**WHAT THE TASK ASKS:**
Your answer must be the exact lines of the listing below that run from the line with "Victoria's Cleaning Services LLC Van" to the line with "Bowls of creamy pumpkin soup with garnish", ends included, and no pictures.

**DATA RECORDS:**

- - - - -

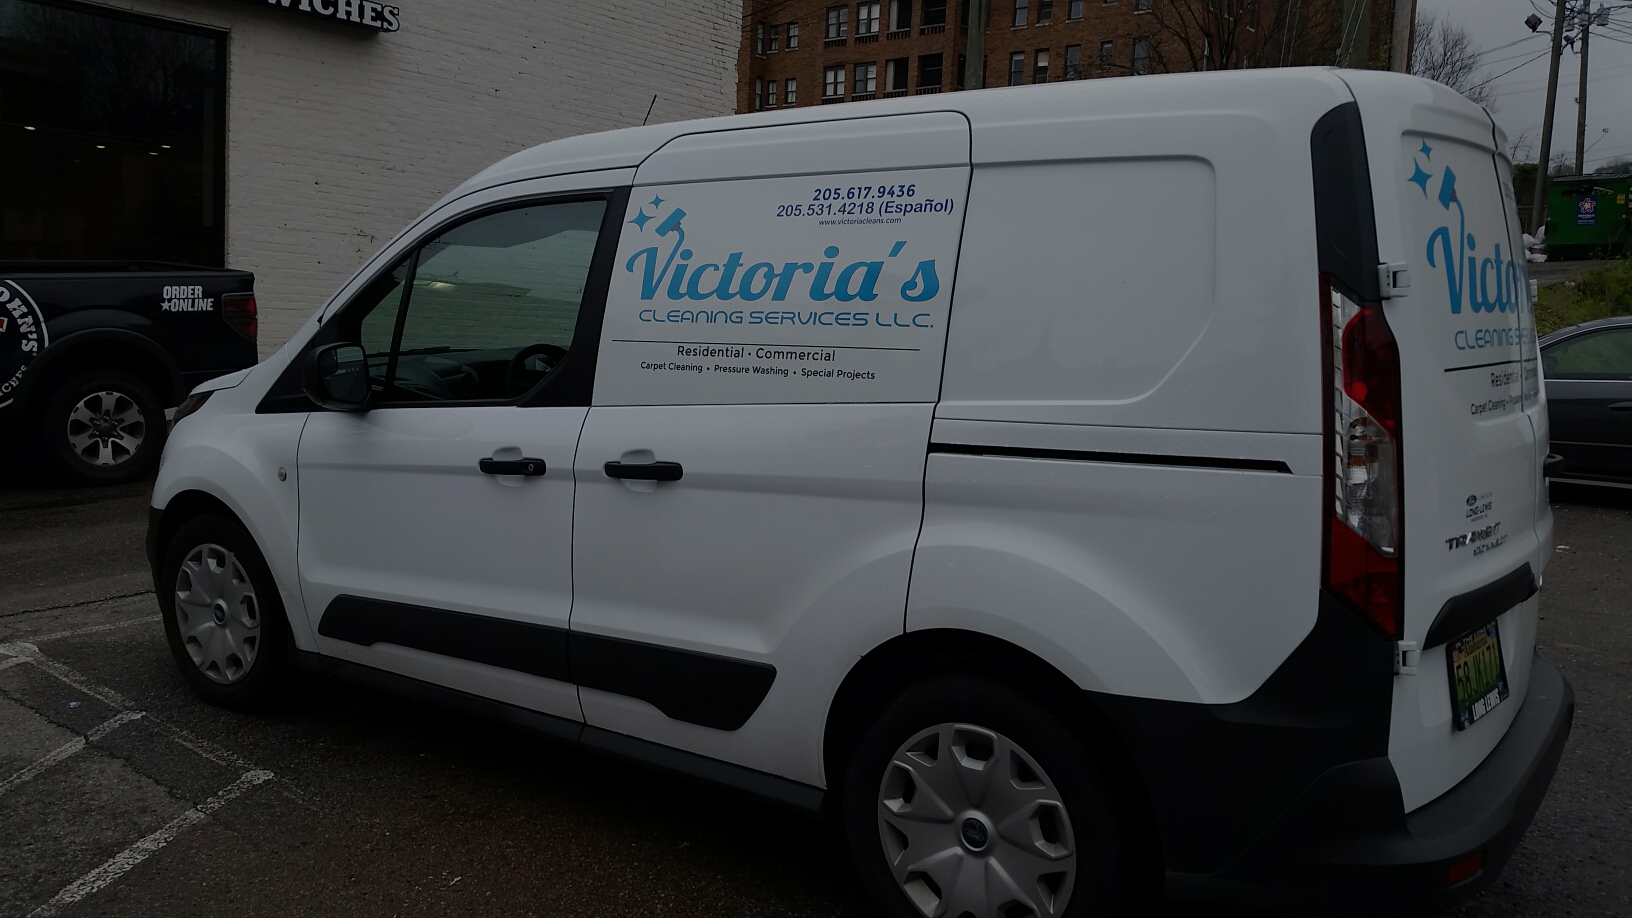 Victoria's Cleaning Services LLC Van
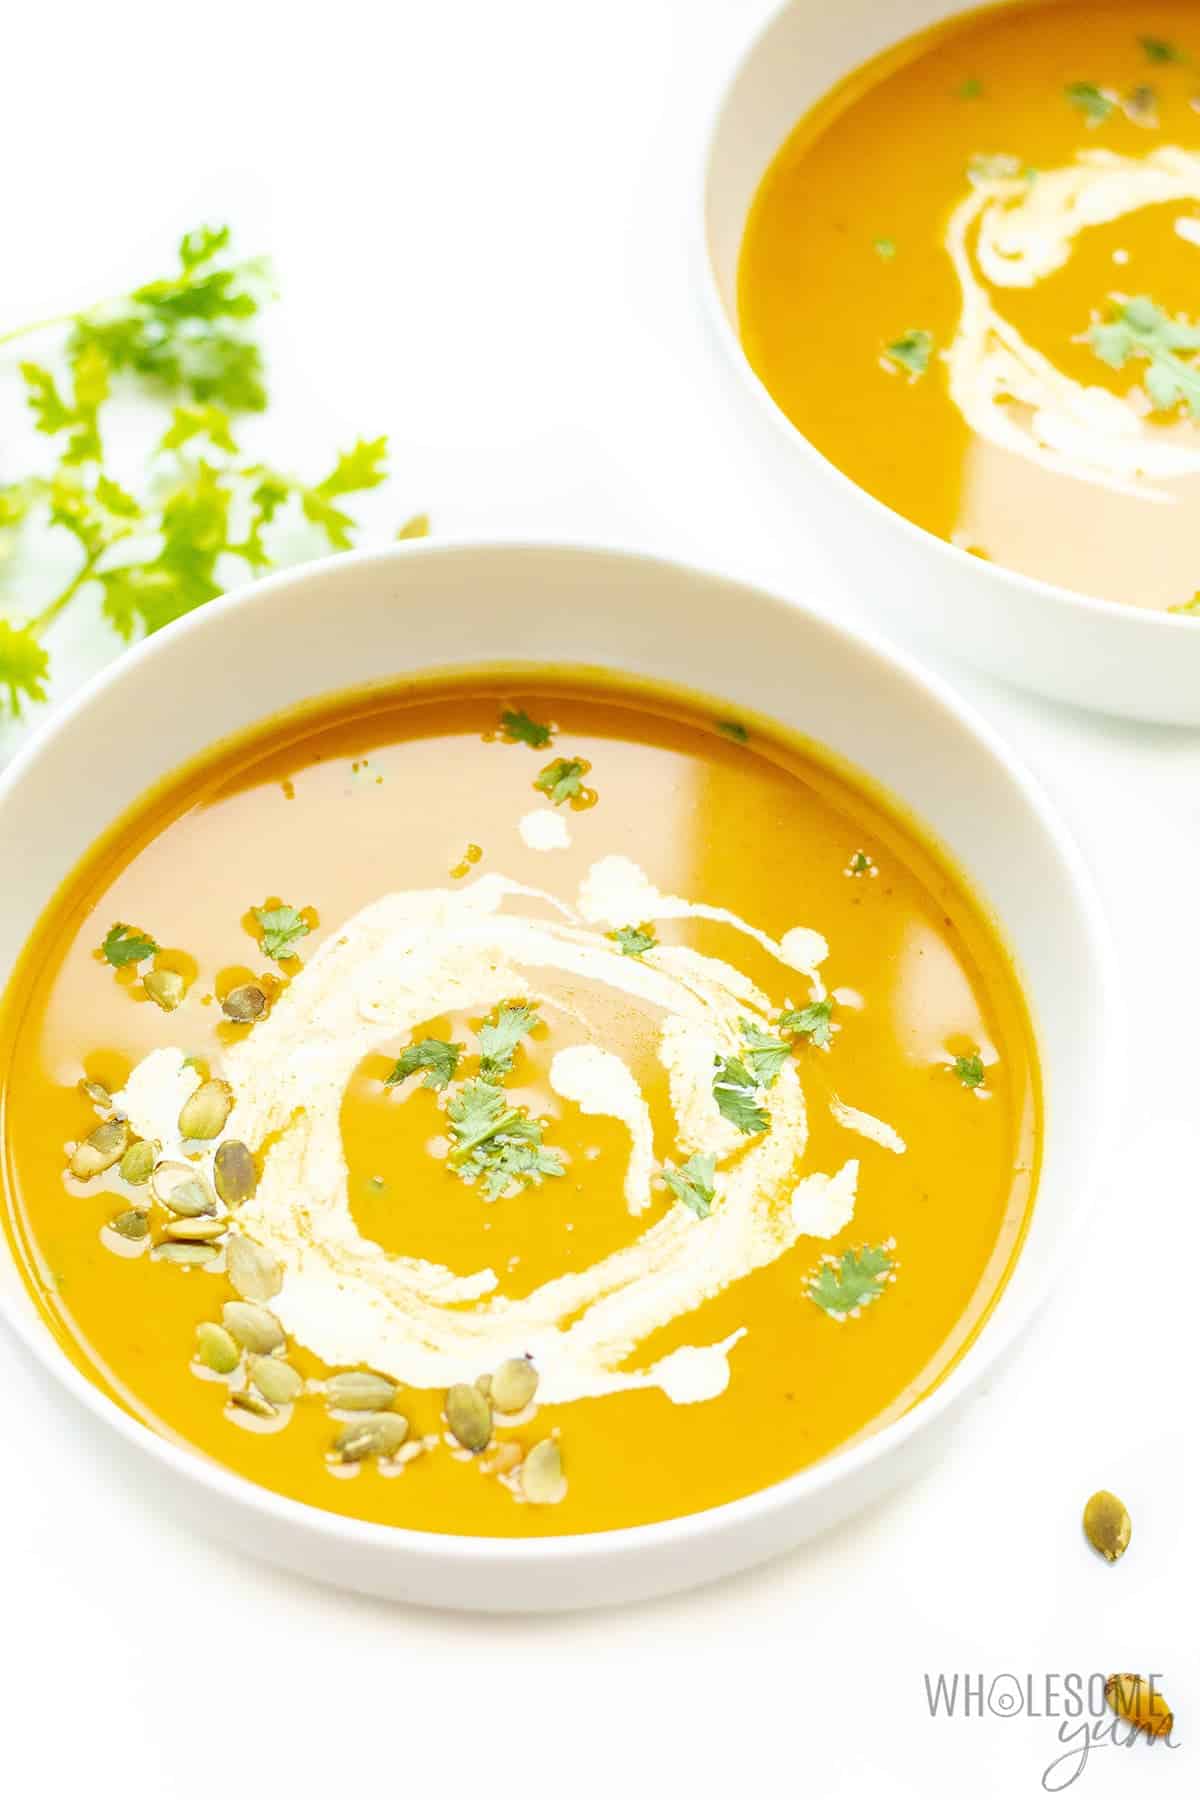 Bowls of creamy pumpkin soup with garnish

- - - - -

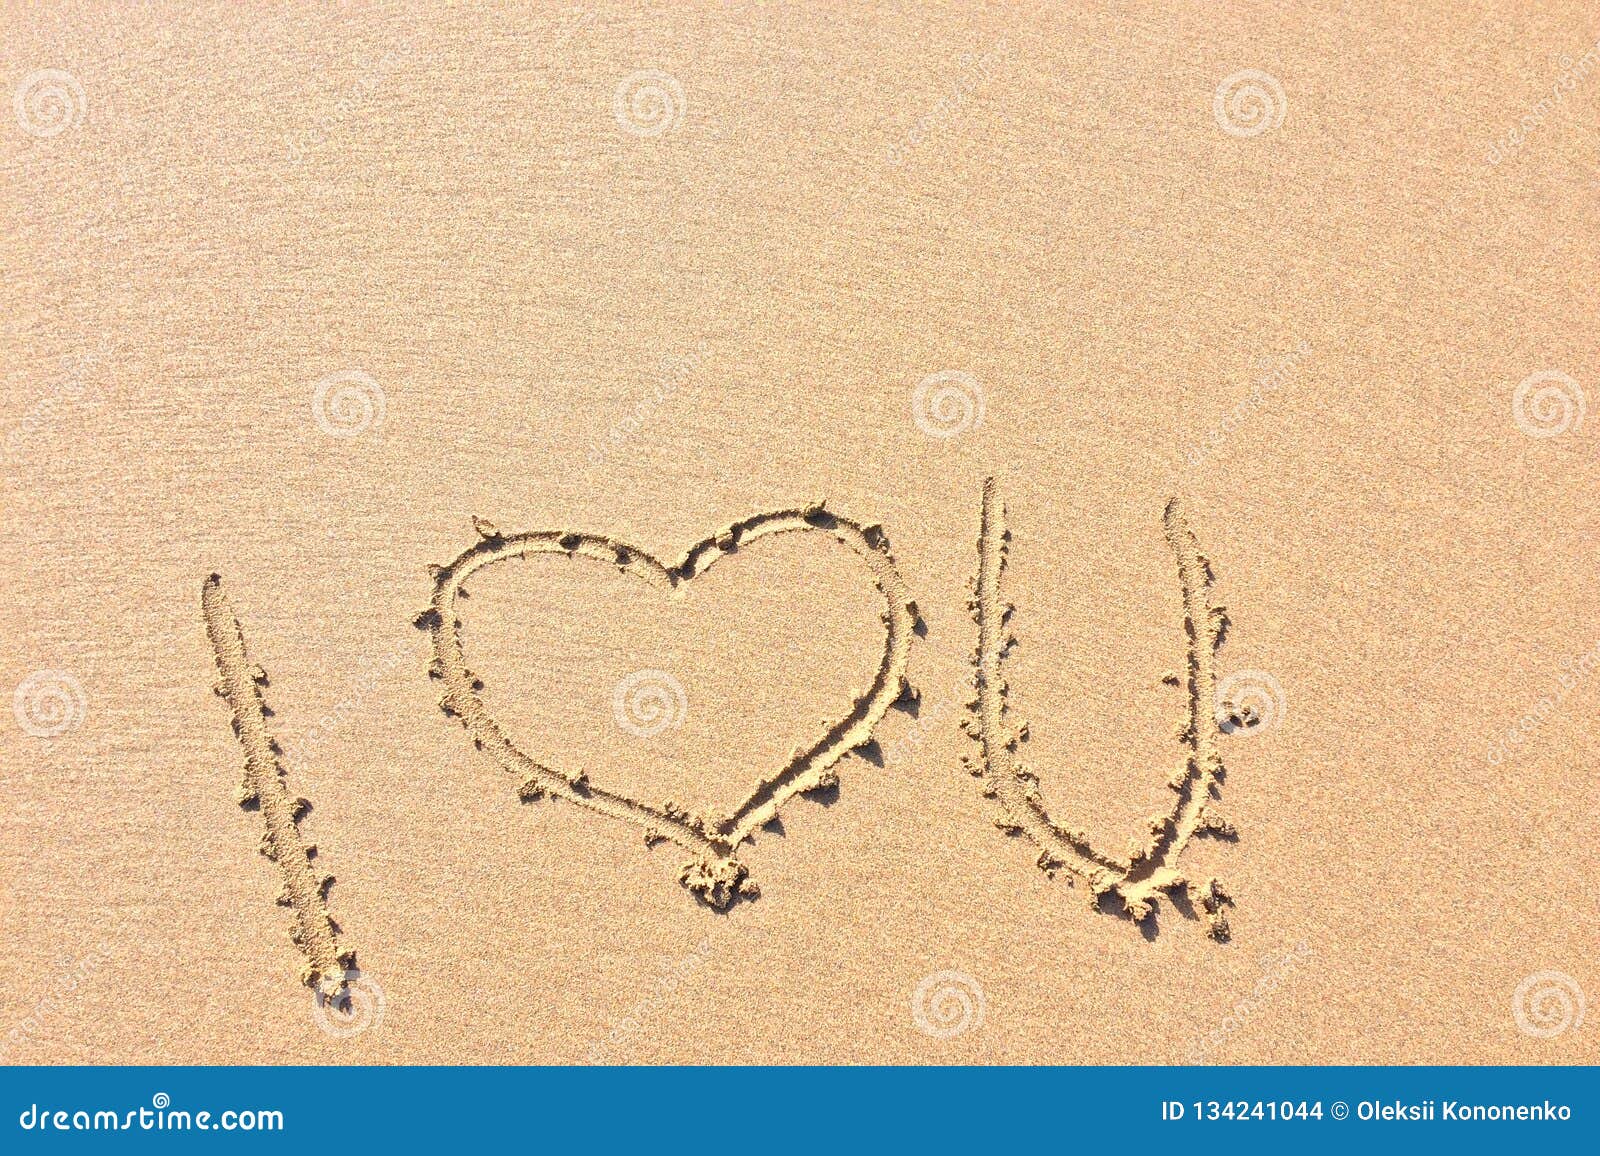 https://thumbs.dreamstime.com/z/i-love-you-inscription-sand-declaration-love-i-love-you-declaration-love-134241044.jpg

- - - - -

**ANSWER:**
 Victoria's Cleaning Services LLC Van
 Bowls of creamy pumpkin soup with garnish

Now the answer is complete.